В темноте тихих улиц Платона провожали и худой юноша в очках, и Ваня, и та девушка, что беседовала с Платоном в лодке.
— Вы знаете, — сказал худой в очках (его звали Костей), — и Надсон был социалист.
— Надсон?
— Вы читали Надсона? «Не говорите мне, он умер, — он живет. Пусть жертвенник разбит, — огонь еще пылает…» Ах, вот уже и ваша калитка… Ну что же, до свидания. А все-таки: «Не говорите мне, он умер, — он живет…»
— Кто же?
— Он, революционный энтузиазм. Наш русский бунт.
— Совершенно верно, — заметил Платон. — Так вот именно нужно острыми средствами действовать, а вы — пропагандой.
— Как вам сказать… это вопрос… это вопрос… — Юноша в очках сделал задумчивое лицо. Но, вспомнив, что очень поздно и что самый вопрос не ясен, закончил: — Положим, может быть, вы правы.
— Нет, нет, не прав, — вступился Ваня. — Это опять будет эсеровщина или анархизм.
При свете фонаря Платон смотрел на румяного, полного Ваню и думал: почему у него не длинное, темное лицо с большими горящими глазами, как у фанатика?
Худощавый юноша взял под руку девушку и, закашлявшись, тихо пошатываясь, уходил в темную улицу.
В это время Платон заметил, что за уходившими маячит по их следам чья-то тень.
— Шпик, — сказал Платон.
— Шпик, — ответил Ваня.
— Давай наломаем ему ребра… — предложил Платой.

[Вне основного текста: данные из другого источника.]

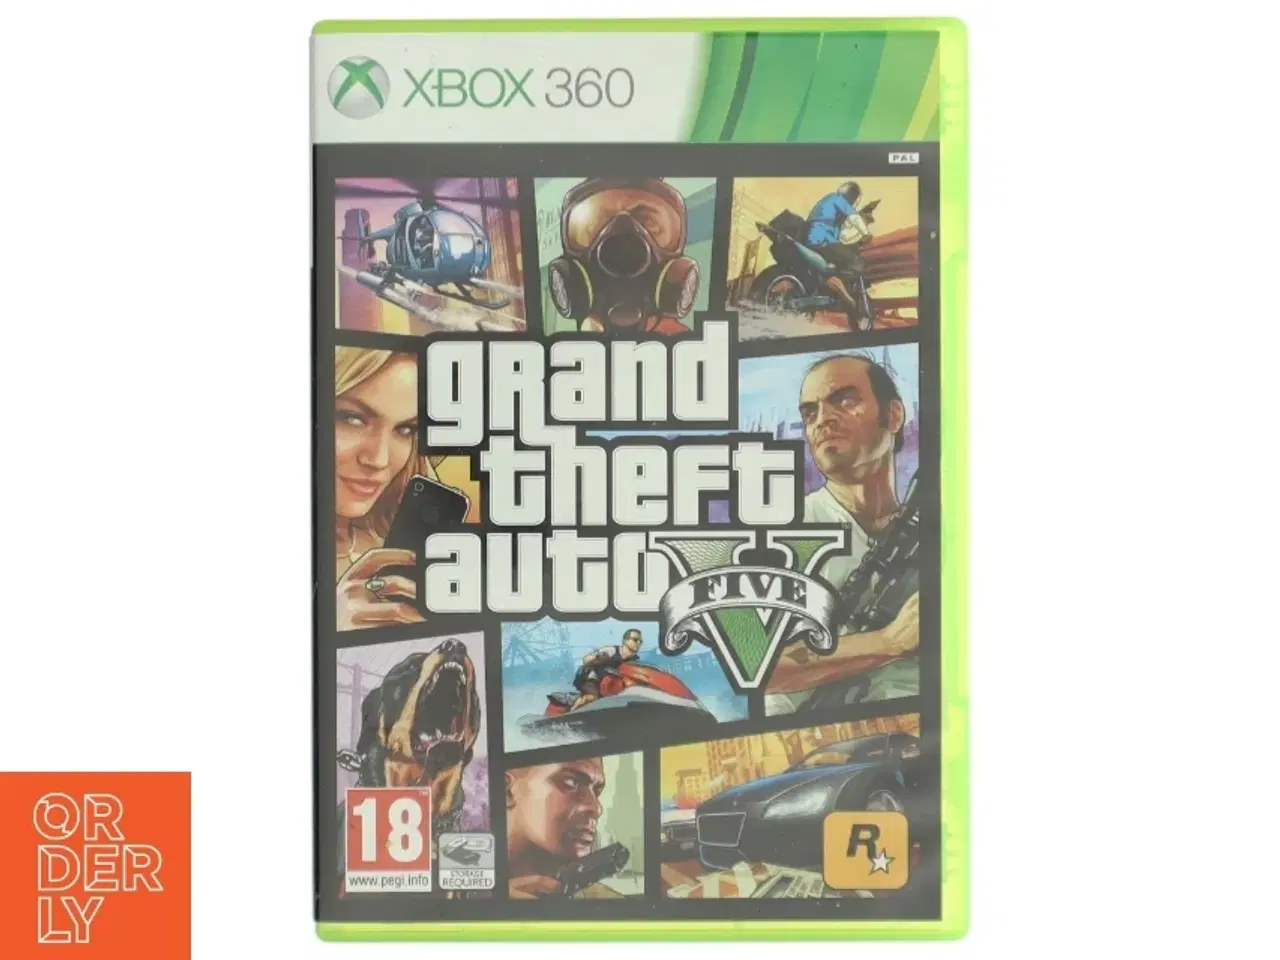 Billede 1 - Grand Theft Auto V (GTA 5) til Xbox 360 fra Rockstar Games

Пошли за тенью. Остановились. И тень остановилась.
— Иди, иди сюда! — крикнул Платон тени.
Тень спряталась за потухший фонарь.
Платон сделал два шага к тени. Ваня тоже. Тень двумя руками держалась за фонарный столб и прятала свое лицо.
— Ах ты!
Тень отскочила на середину улицы.
— Товарищи, за что же вы хотите бить? — взмолилась тень.

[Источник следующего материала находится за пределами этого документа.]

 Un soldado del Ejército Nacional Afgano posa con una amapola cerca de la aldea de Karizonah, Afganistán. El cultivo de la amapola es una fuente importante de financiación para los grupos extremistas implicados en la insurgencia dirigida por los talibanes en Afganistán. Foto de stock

— Ты шпик? — спросил Ваня.
— Шпик, — ответила тень.
Платон и Ваня смутились.
— А зачем?.. — заикнулся было Ваня.
— Из-за хлеба… — прохрипела тень.
«Хлеба и зрелищ», — подумал опять Платон. Он подошел к тени, схватил ее за шиворот, ткнул в темноту улицы и крикнул:
— Задним ходом шагом марш!
И тень, закашлявшись, исчезла в темноте.
— Это тоже пролетарий? — спросил Платон Ваню.
— Как тебе сказать… Пожалуй, да… самого скверного разбора: в нем сразу двое — лумпен и лакей.
Платон ничего не ответил.
Попрощался с Ваней. А шпик тем временем, обежав задами, спрятался за помойную яму и побрел за Ваней.

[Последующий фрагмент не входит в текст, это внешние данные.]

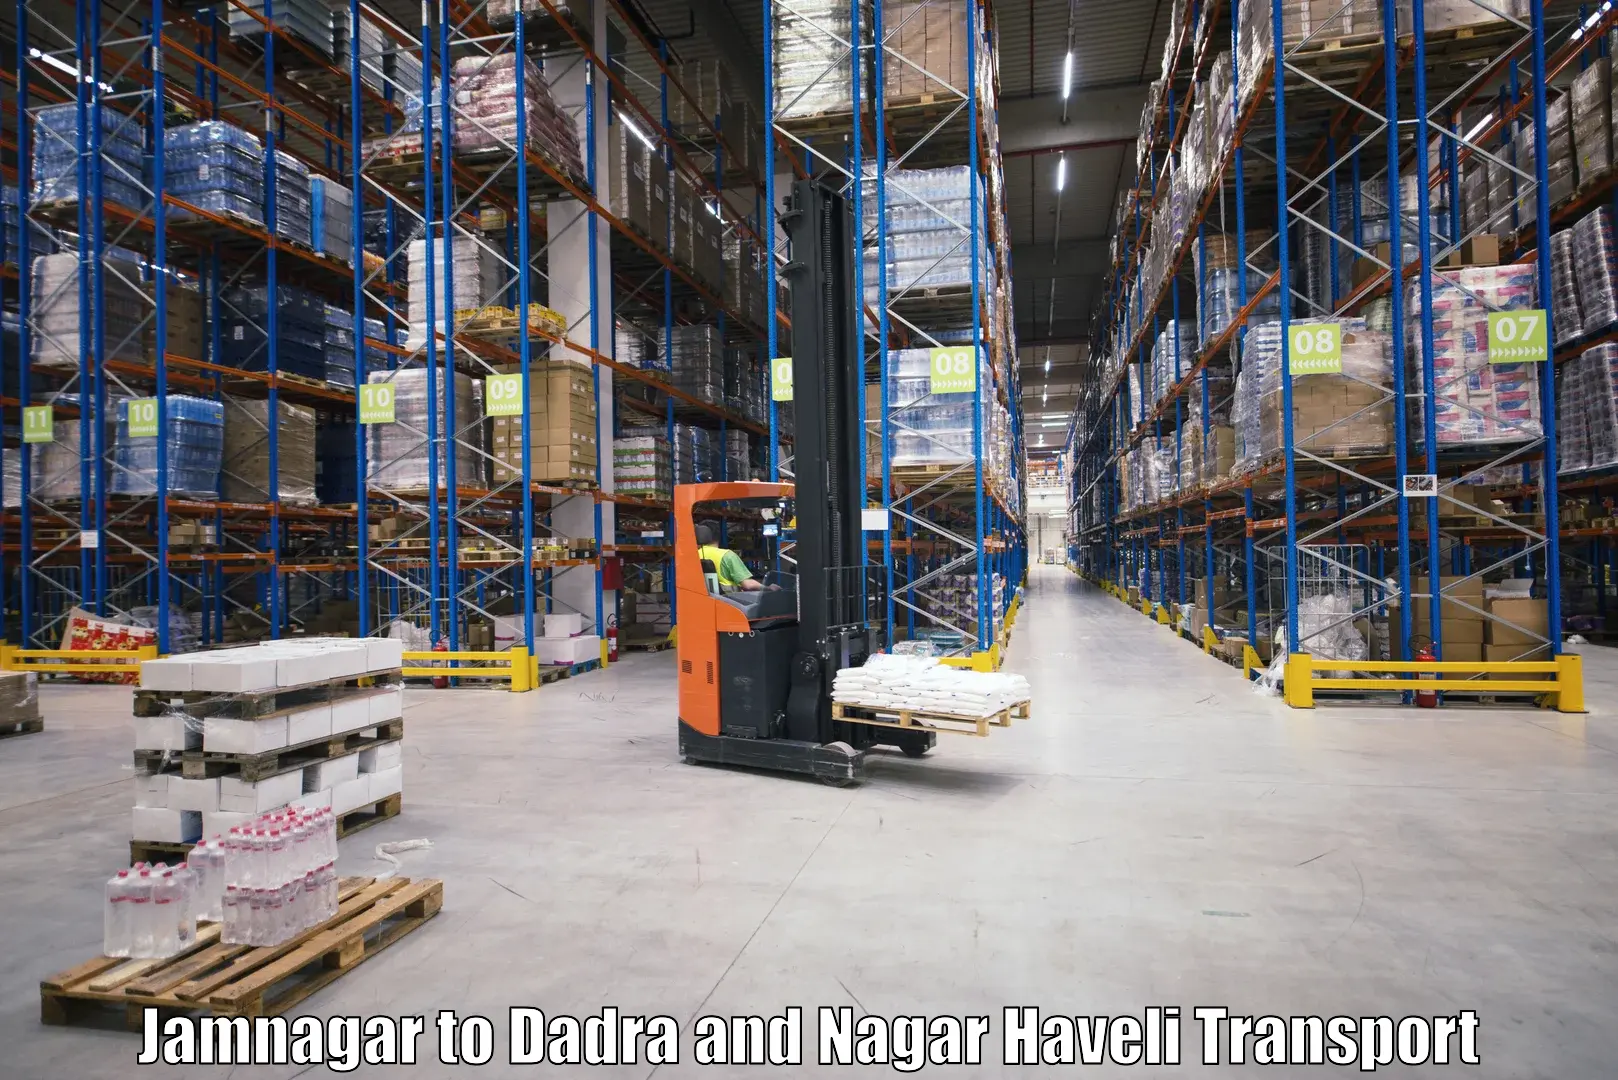 Logistics transportation services Jamnagar to Dadra and Nagar Haveli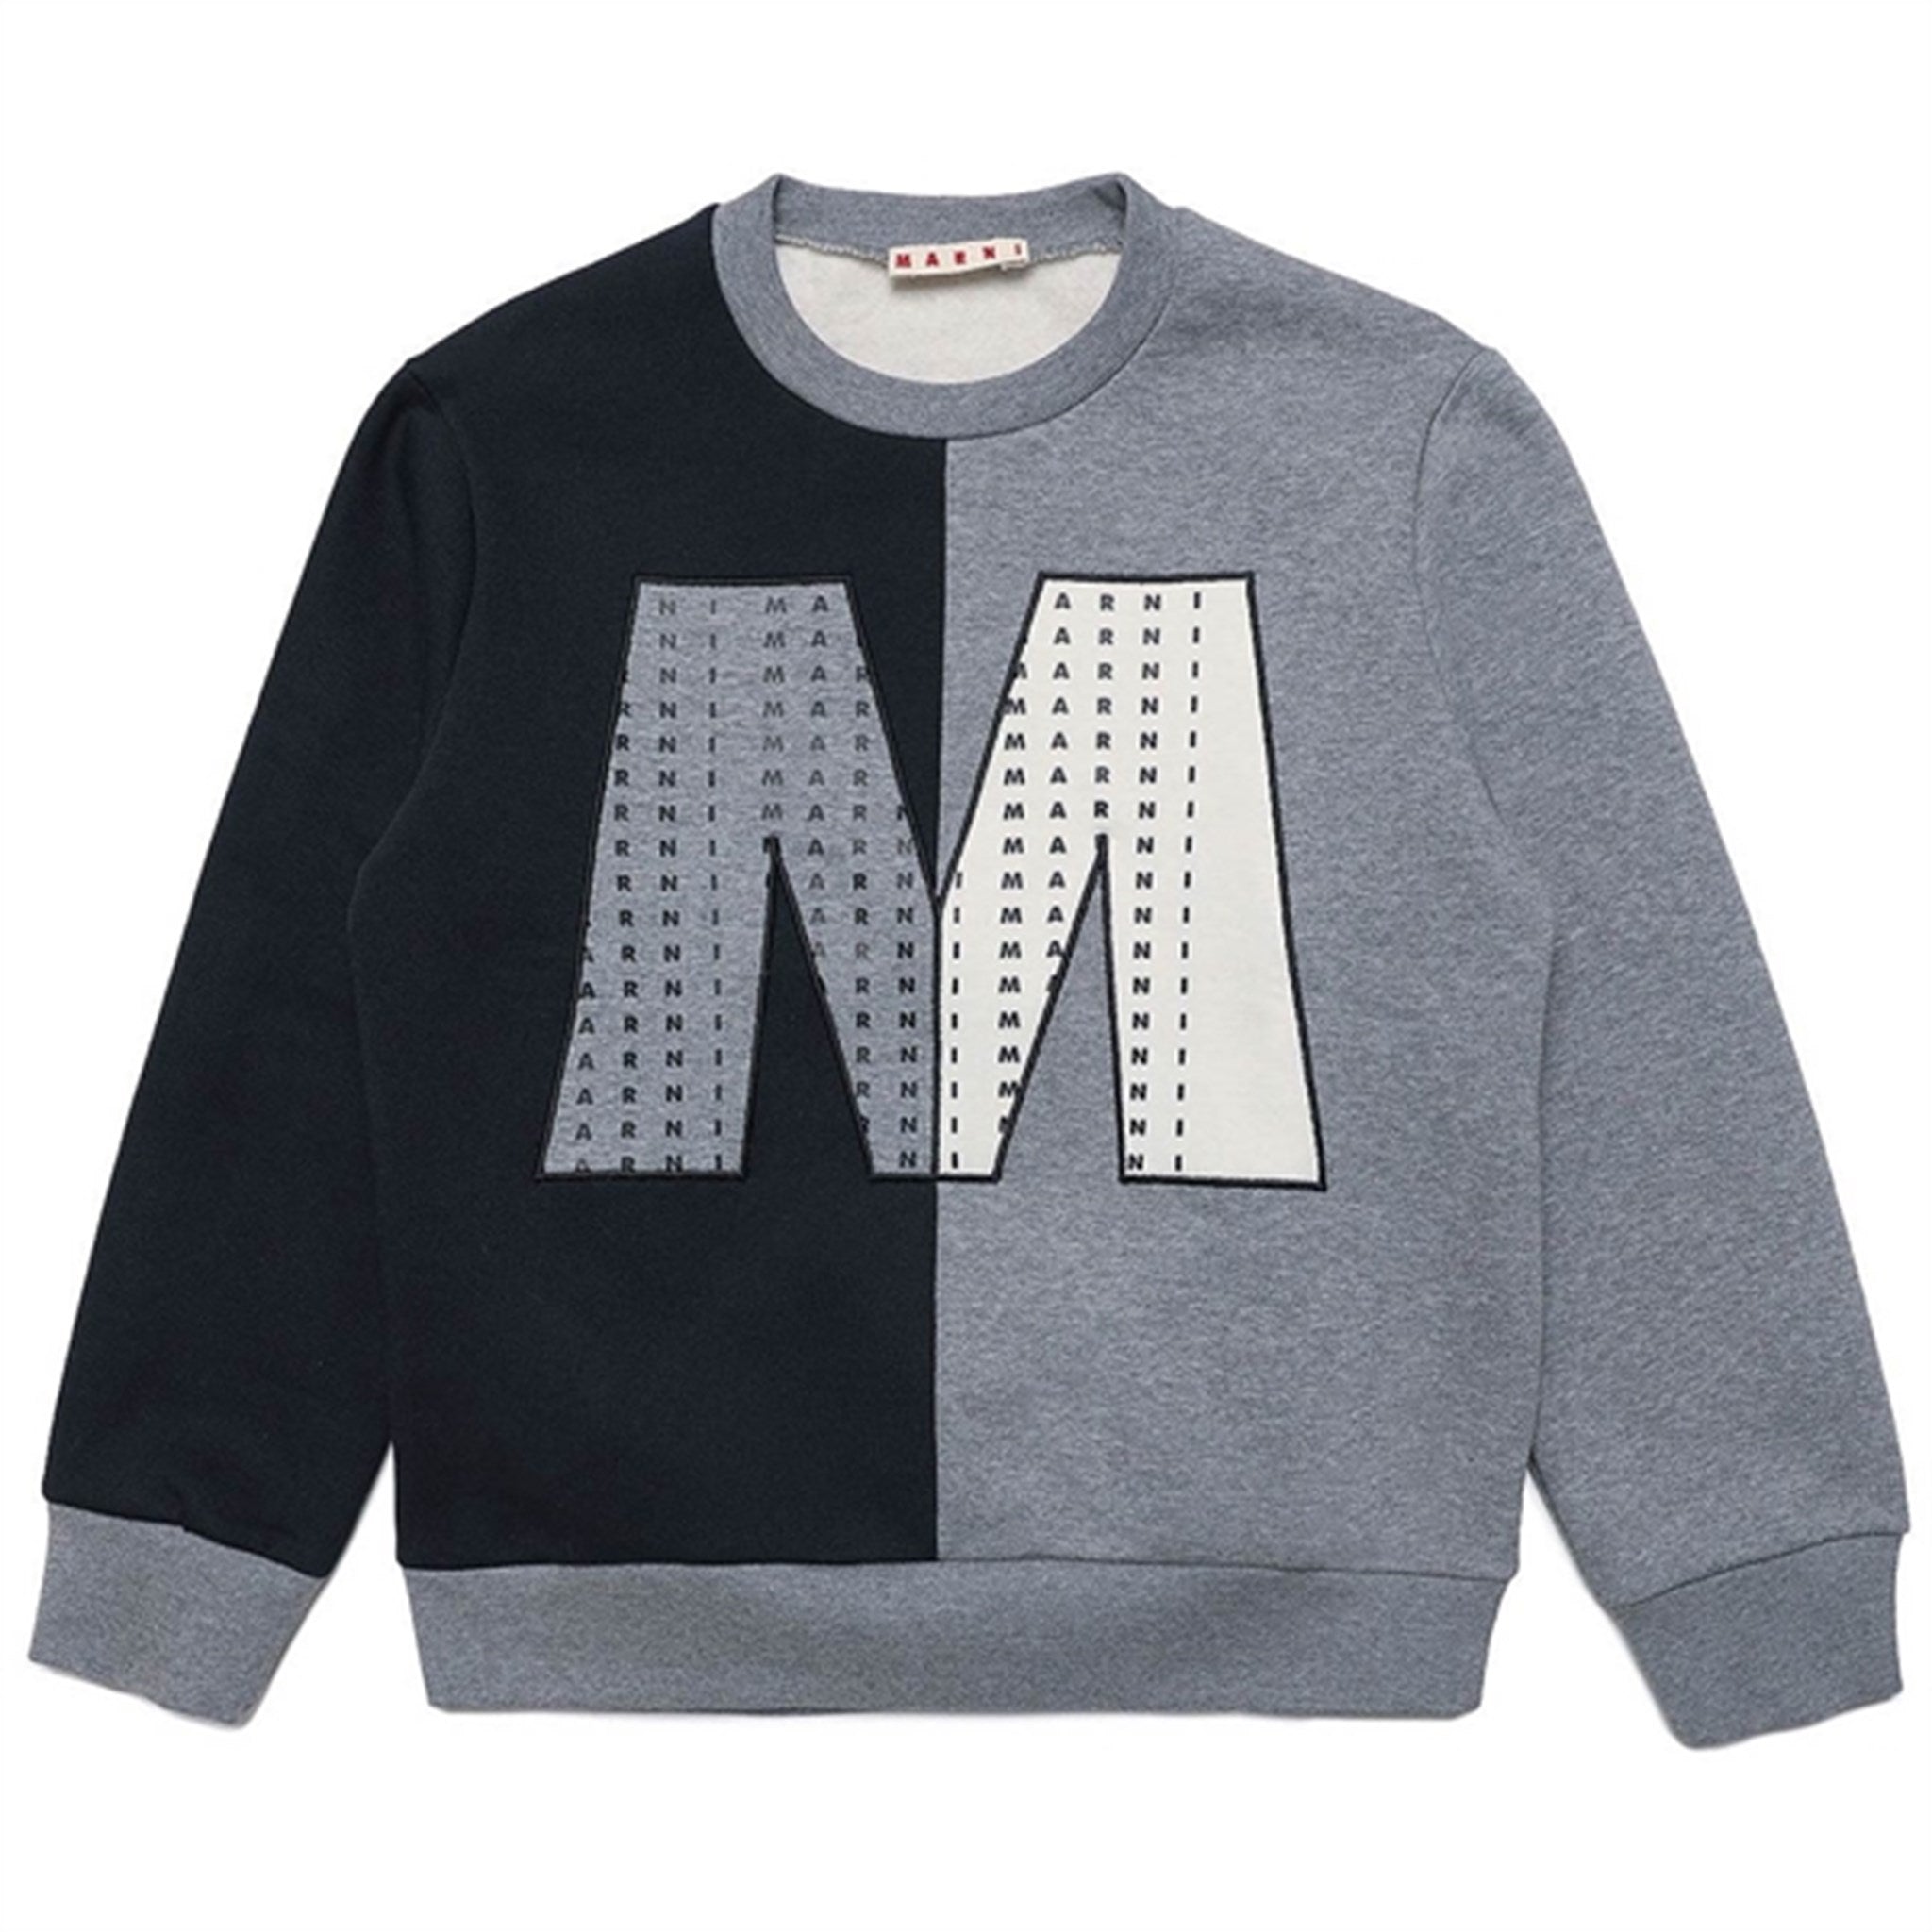 Marni Black/Grey Sweatshirt

Платон думал: «В Риме пролетарии? А у нас? У нас особенное: у нас — шпики, которых можно за шиворот. И революция — если будет — будет другая. Чем-то она будет сильнее тех, европейских? Чем-то слабее их? Революция будет, как весенний ледоход — белые глыбы, и волны, и разлив: чем шире он становится, тем скорее затихает».
— Да, революция будет… — сказал он себе, снимая вымокшие сапоги.
Потом вслух посмеялся, прошептал: «Быть посему» — и заснул крепко, как можно спать только утомленному русской весной.
* * *
Недалеко от того озера, в Суконной слободе[10], в покосившейся избушке Платона спросила девушка, среднего роста, слегка рыжеватая, с пробором на середине головы:
— Вы, товарищ, согласитесь стоять на улице и сделать знак, когда покажется карета?
— Я бы хотел взять на себя более ответственную задачу, — ответил Платон, покосившись на три желтых пакета, которые виднелись с верхней полки старинного почерневшего шкапа.
— Нет, — ответила почти командным тоном девушка и, указав пальцем на пакеты, пояснила: — С бомбами пойдет другой товарищ.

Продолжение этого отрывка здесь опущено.